New polls of likely voters in Minnesota and three other battleground states found that Barack Obama has retained a slight lead over John McCain.

In Minnesota, the Wall Street Journal/Washingtonpost.com found Obama ahead 47 percent to 45 percent, essentially unchanged from a poll done by Quinnipiac University for those news organizations in July.

Given the poll's 2.7 percentage-point margin of sampling error, that makes the race in Minnesota essentially a tossup.

In Wisconsin, Michigan and Colorado, the polls showed that a slightly larger Obama lead also has changed little in the past two months. The poll placed Obama up by seven points in Wisconsin (49-42), four in Michigan (48-44) and four in Colorado (49-45).
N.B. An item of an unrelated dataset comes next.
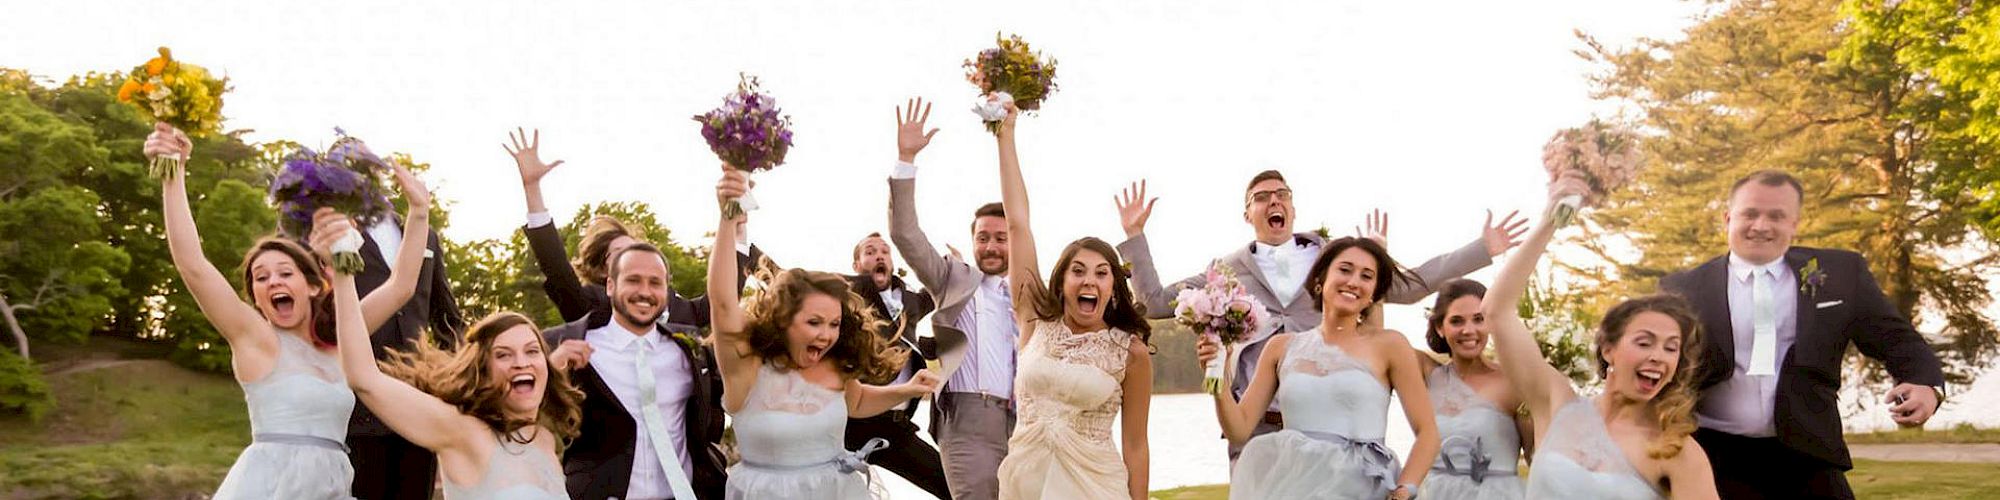 A wedding party is captured mid-jump. The bride, groom, bridesmaids, and groomsmen are joyously celebrating in an outdoor setting, dressed formally.

A flurry of recent polls in Minnesota have shown that the presidential race is tightening, prompting both campaigns to ramp up their efforts in a state that has long been reliably Democratic.

The Quinnipiac polls also show that Obama has stayed ahead of McCain because voters are more likely to see the Democrat as the candidate of change.

In Minnesota's U.S. Senate race, the poll found incumbent Republican Norm Coleman ahead of DFL challenger Al Franken, 49 percent to 42 percent. A Quinnipiac Poll conducted two months ago showed Coleman with a 53-38 lead. Neither of those polls included Independence Party candidate Dean Barkley.